- [What to produce]:
Print the data below exactly as it stands, and keep the pictures out.

- [Given material]:

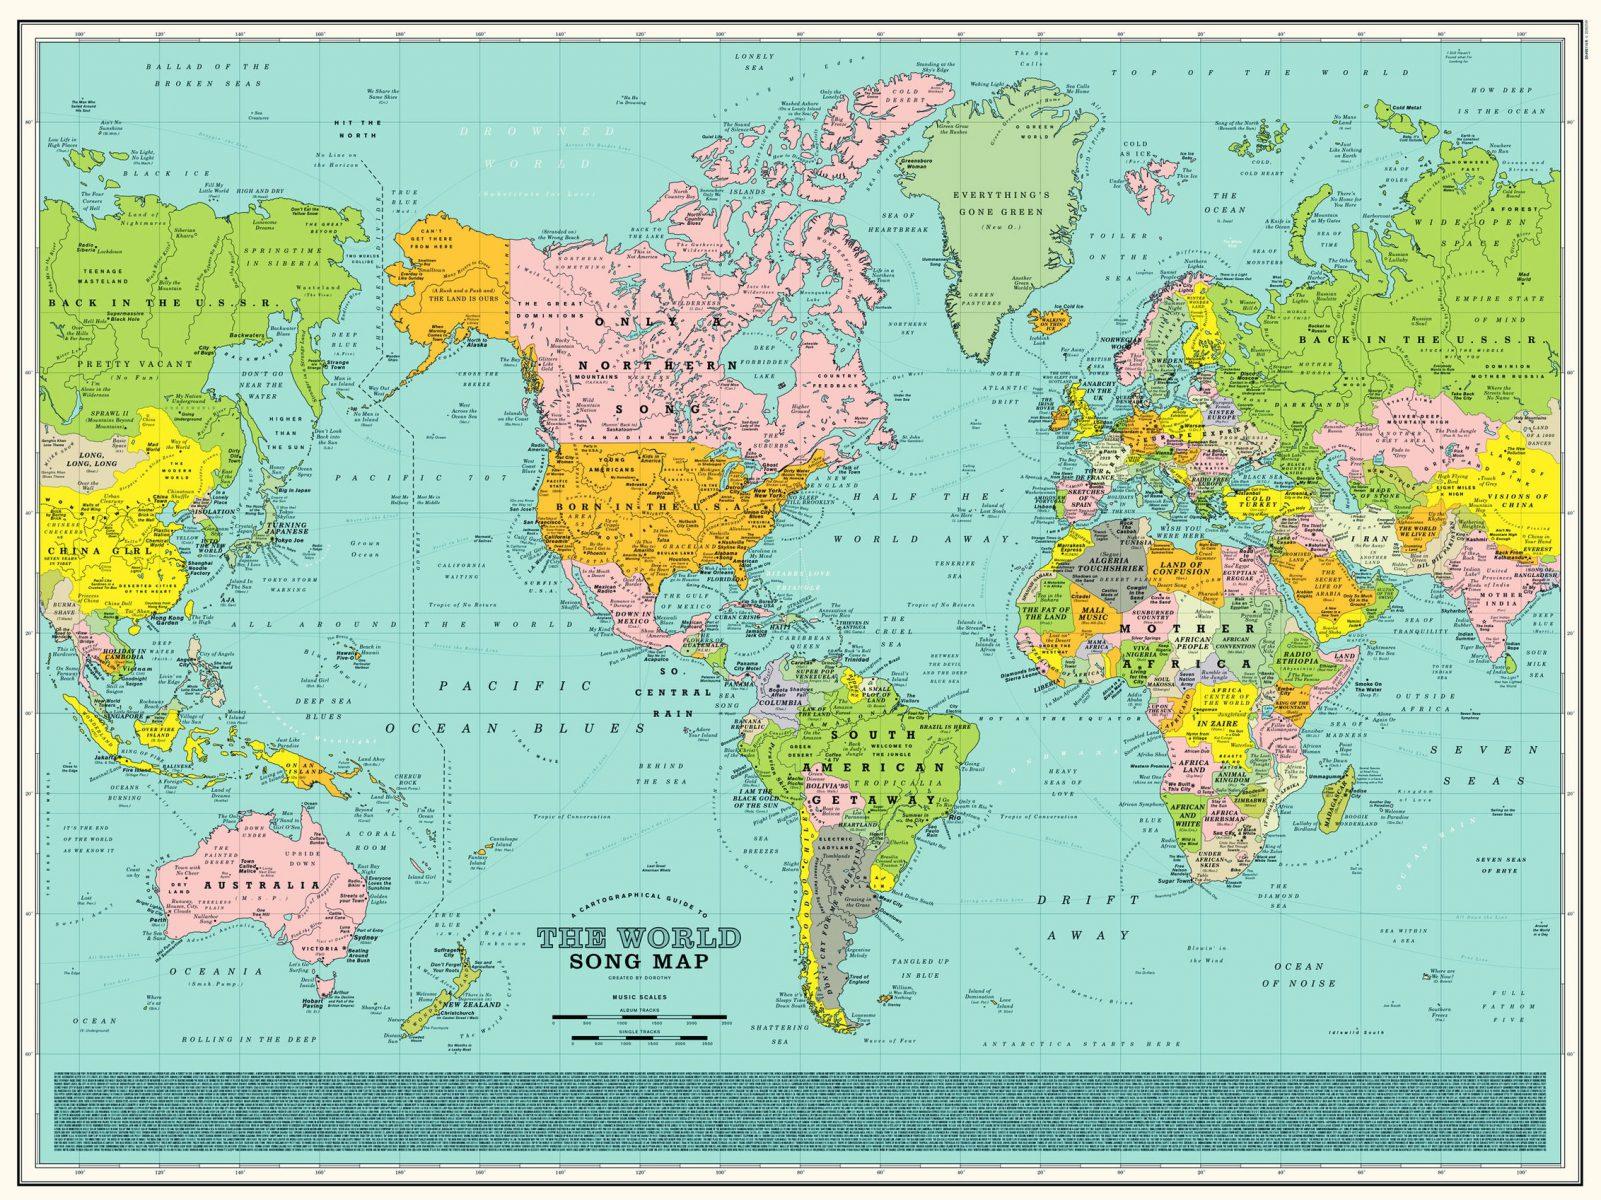 carte-monde-chanson-01
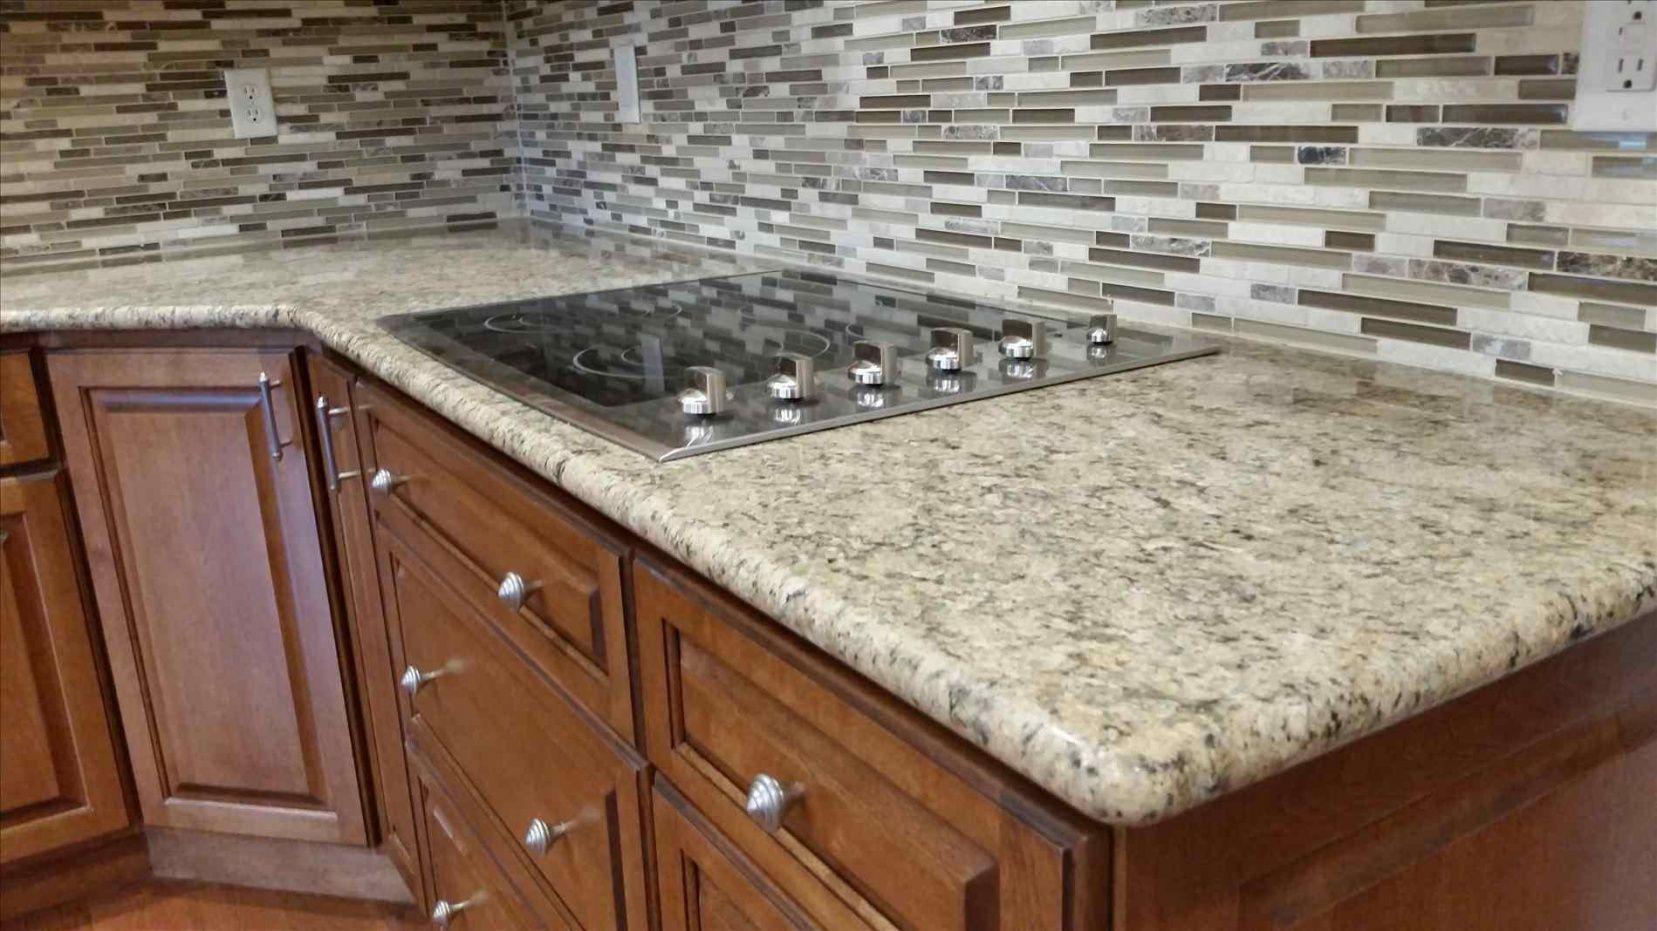 55 Cheap Prefab Granite Countertops Kitchen Island Countertop Ideas Check More At Http Kitchen Island Countertop Granite Countertops Kitchen Prefab Granite
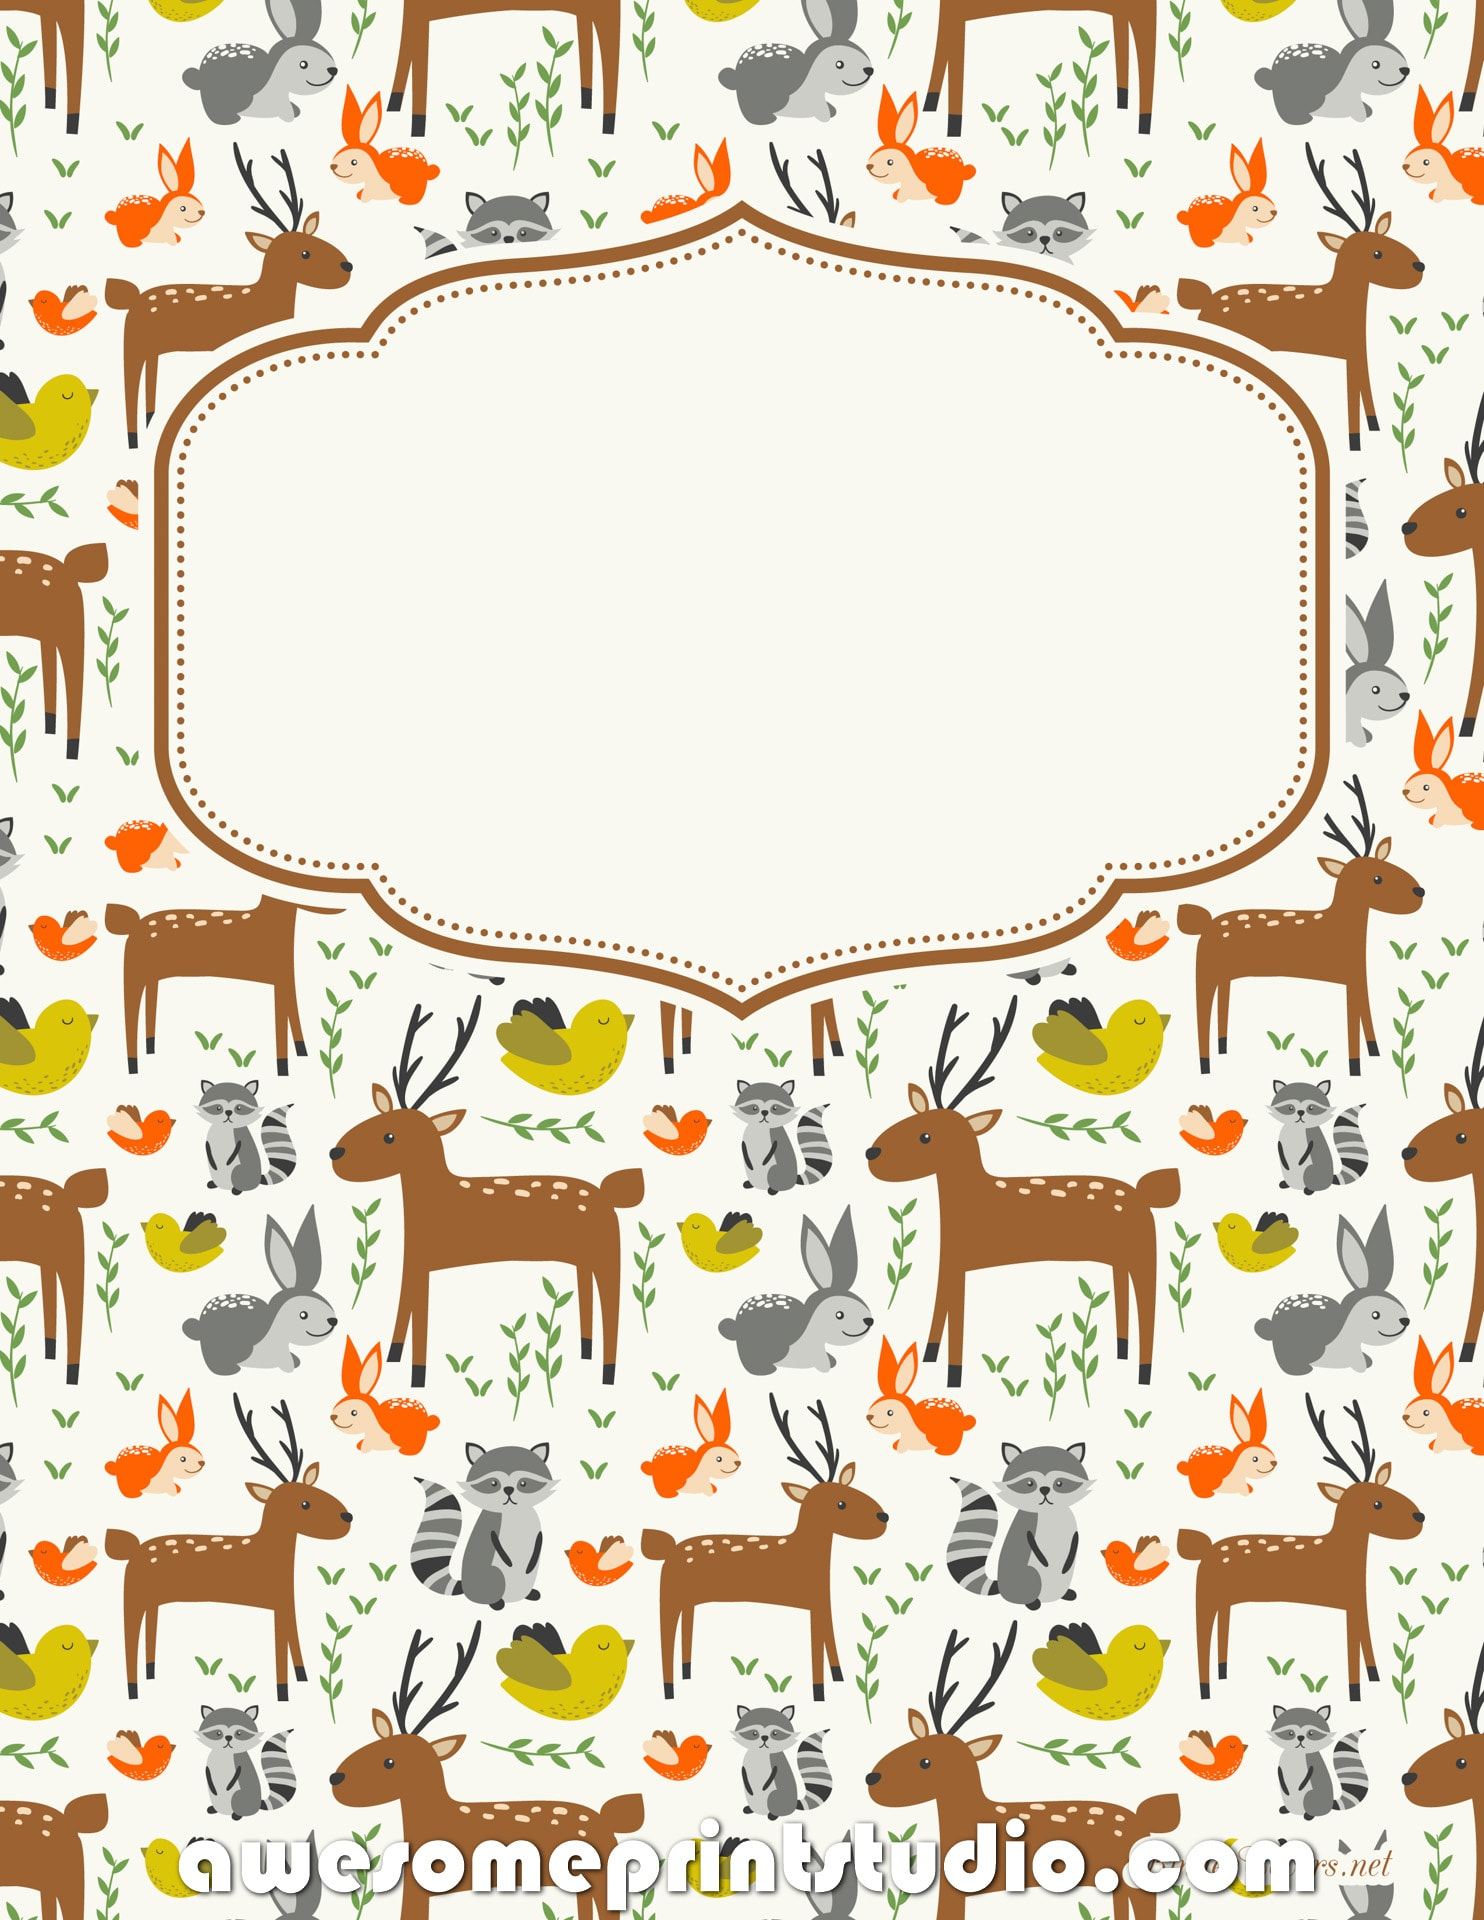 распечатать красивые обложки для тетрадей с животными оленями енотами птицами кроликами

- [Solution for this exercise]:
 carte-monde-chanson-01
 55 Cheap Prefab Granite Countertops Kitchen Island Countertop Ideas Check More At Http Kitchen Island Countertop Granite Countertops Kitchen Prefab Granite
 распечатать красивые обложки для тетрадей с животными оленями енотами птицами кроликами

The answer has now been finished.